A ceasefire in Gaza has come into effect following two days of violence which left 32 people dead.
The agreement was brokered by Egypt and has been endorsed by Palestinian factions, including Islamic Jihad.
An Egyptian official said the agreement stipulates that Palestinian factions must ensure a return to calm in Gaza and "maintain peace" during demonstrations, while Israel must stop hostilities and "ensure a ceasefire" during demonstrations by Palestinians.
The agreement, which entered into force at 5.30am local time, came after the death toll from Israeli airstrikes on the Gaza rose to 32 since Tuesday after Palestinian officials said six members of the same family, including three children and two women, had been killed.
Following the targeted killing of a top militant in Gaza, the two sides had been exchanging fire since Tuesday, and Israel's military said it recorded more than 350 incoming rockets.
The Israeli military had been targeting what it said were Islamic Jihad militant sites and rocket-launching squads in the coastal enclave.
The previous day, Israel said it targeted two Islamic Jihad militants preparing to fire anti-tank missiles.

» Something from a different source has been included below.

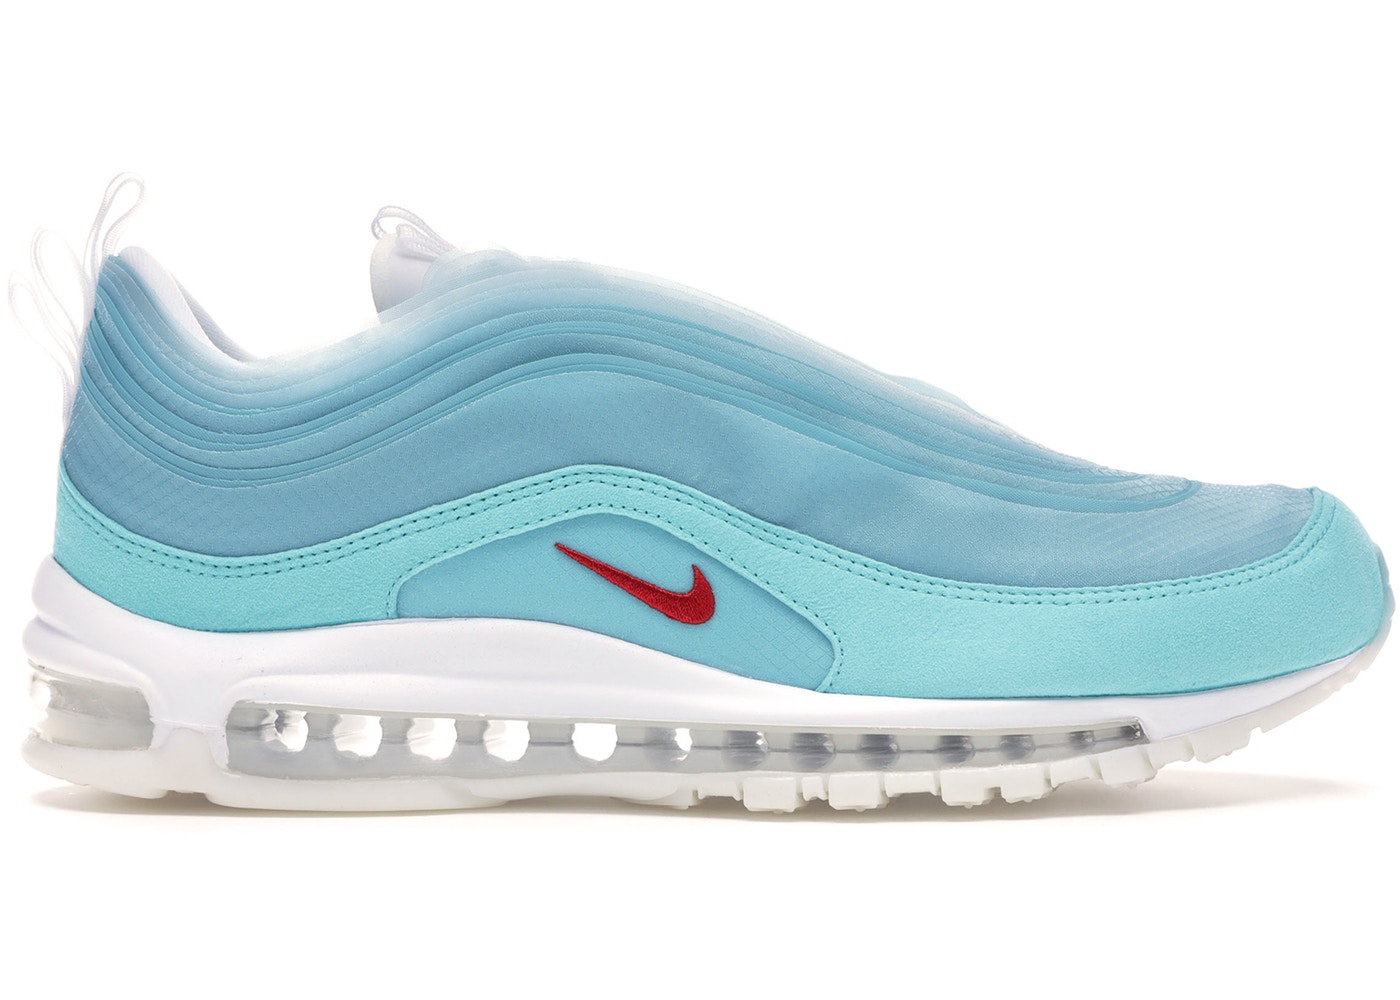 light blue and white air max 97

Air raid sirens wailed and fireballs exploded as air defence missiles intercepted rockets, sending Israelis rushing to bomb shelters.
UN envoy Nickolay Mladenov arrived in Cairo yesterday afternoon, airport officials said, following reports he was to hold talks aimed at halting the fighting.

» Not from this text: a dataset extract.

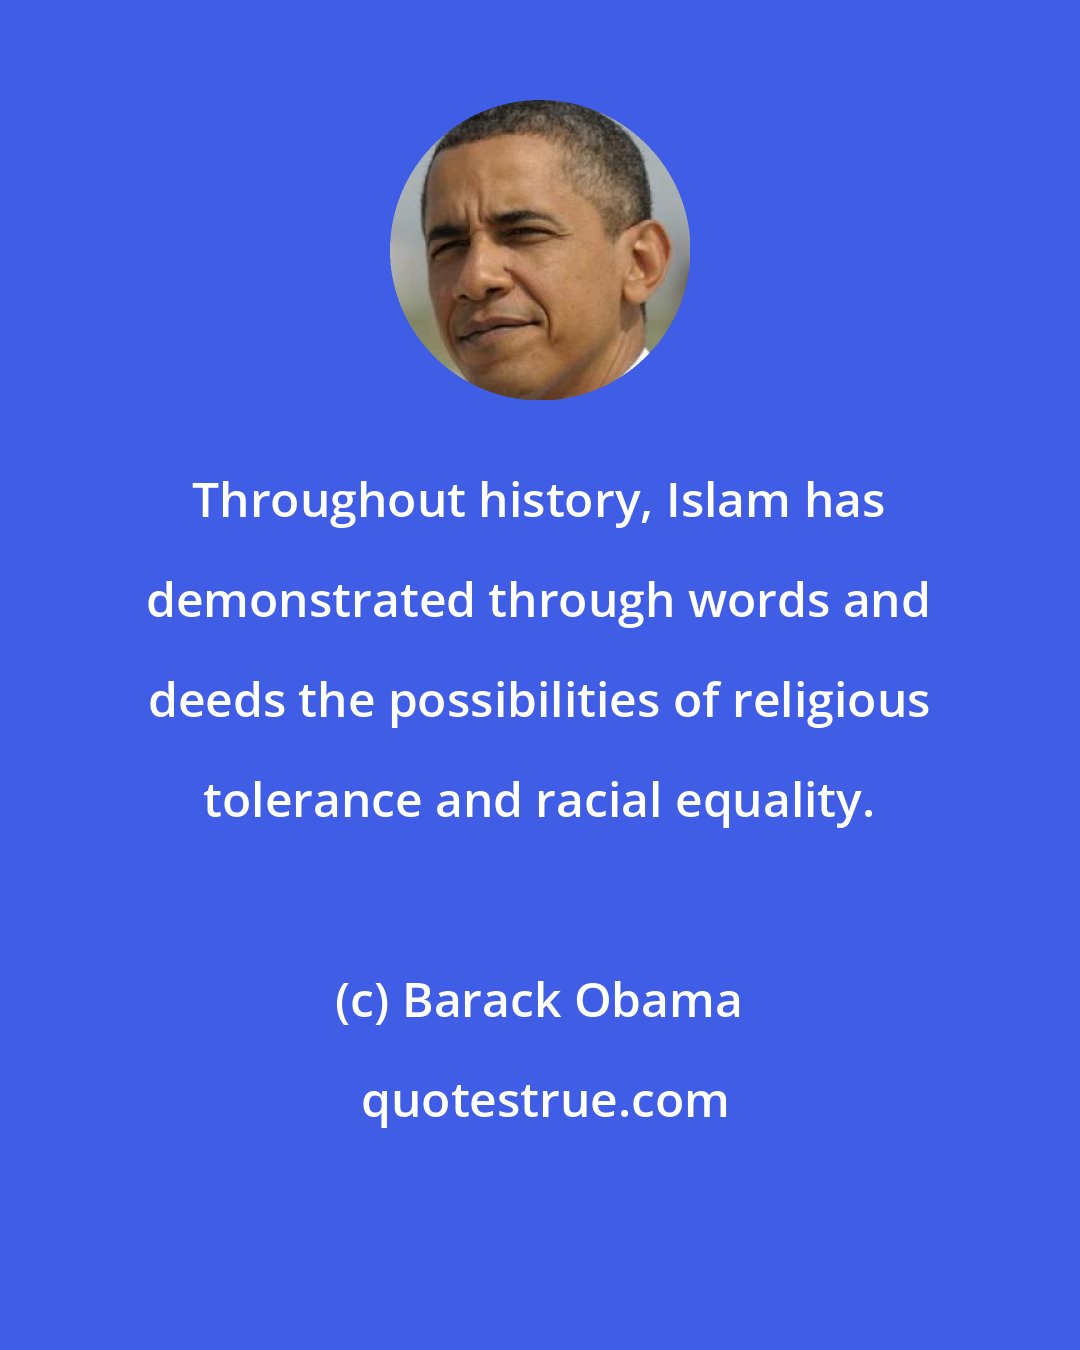 Barack Obama: Throughout history, Islam has demonstrated through words and deeds the possibilities of religious tolerance and racial equality.

The UN and Egypt were instrumental in mediating previous ceasefires between Israel and Gaza-based militants.
Israeli Prime Minister Benjamin Netanyahu had said Islamic Jihad must stop its rocket attacks or "absorb more and more blows".

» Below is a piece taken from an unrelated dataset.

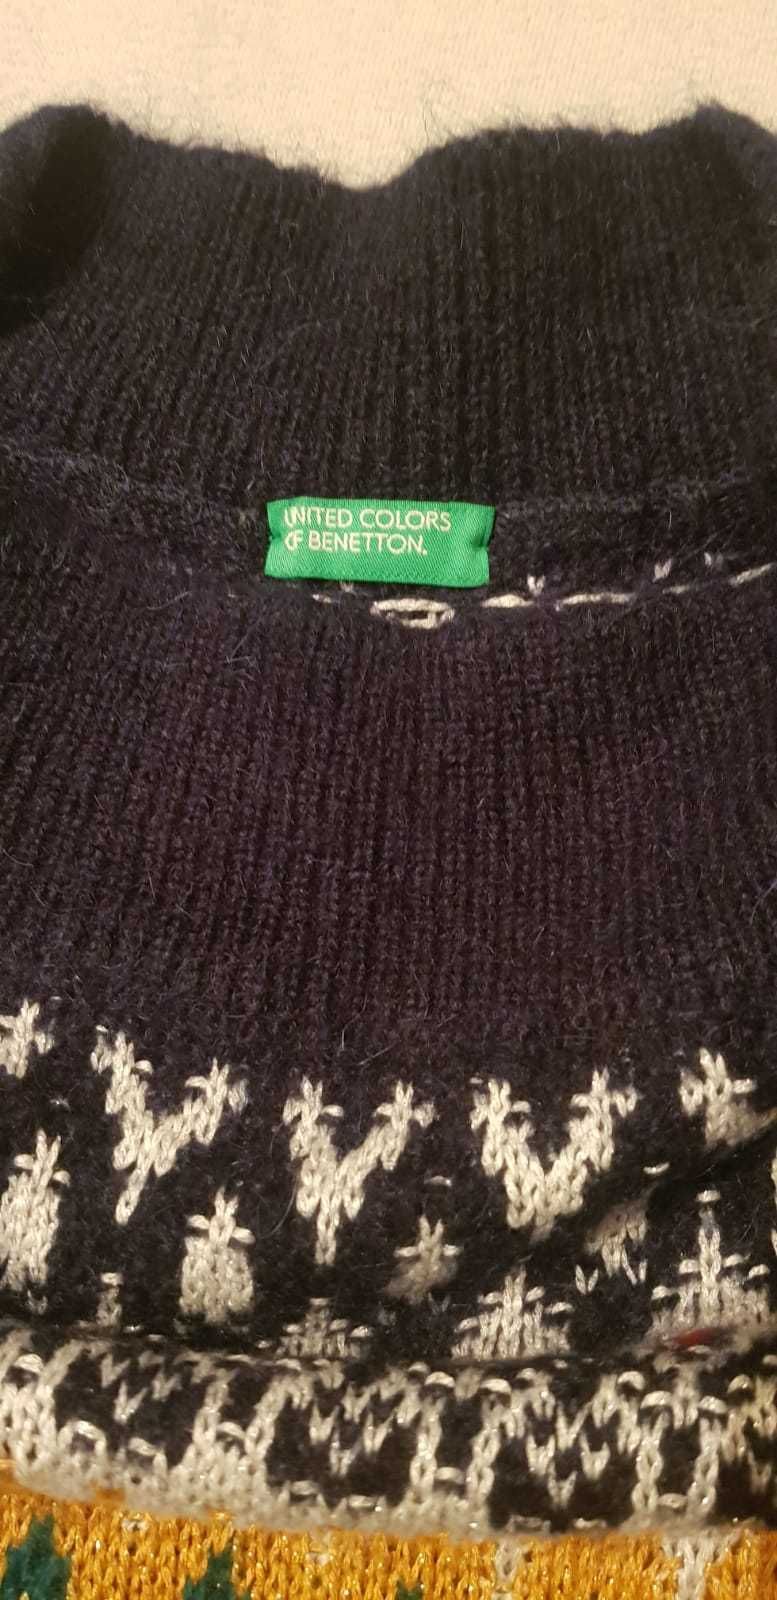 Sweter damski United Color of Benetton EUR 34 XS-S NOWY

An Islamic Jihad spokesman had said the group was not interested in mediation as it retaliated over the killing of one of its commanders.
Israel killed senior Islamic Jihad commander Baha Abu al-Ata and his wife Asma in a targeted strike early on Tuesday, prompting barrages of tit-for-tat rocket fire and air strikes.
According to Israel, Ata was responsible for rocket fire at Israel as well as other attacks and was planning more violence, with the military calling him a "ticking bomb".
The flare-up raised fears of a new all-out conflict between Israel and Palestinian militants in Gaza, who have fought three wars since 2008.
There have been no Israeli deaths, though one rocket narrowly missed cars on a busy highway.
Israeli medics said they had treated 48 people for light wounds, while schools were closed in areas near the Gaza border for a second day running.
In a sign it was seeking to avoid a wider conflict, Israel's announced targets were confined to Islamic Jihad sites and not those belonging to Hamas.
It normally holds Hamas, the Islamist movement that rules Gaza, responsible for all rocket fire from the enclave as the territory's de facto rulers.
Islamic Jihad is the second-most-powerful militant group in Gaza after Hamas and has taken responsibility for rocket fire.
The flare-up came at a politically sensitive time for Israel, with no new government in place after September elections ended in deadlock.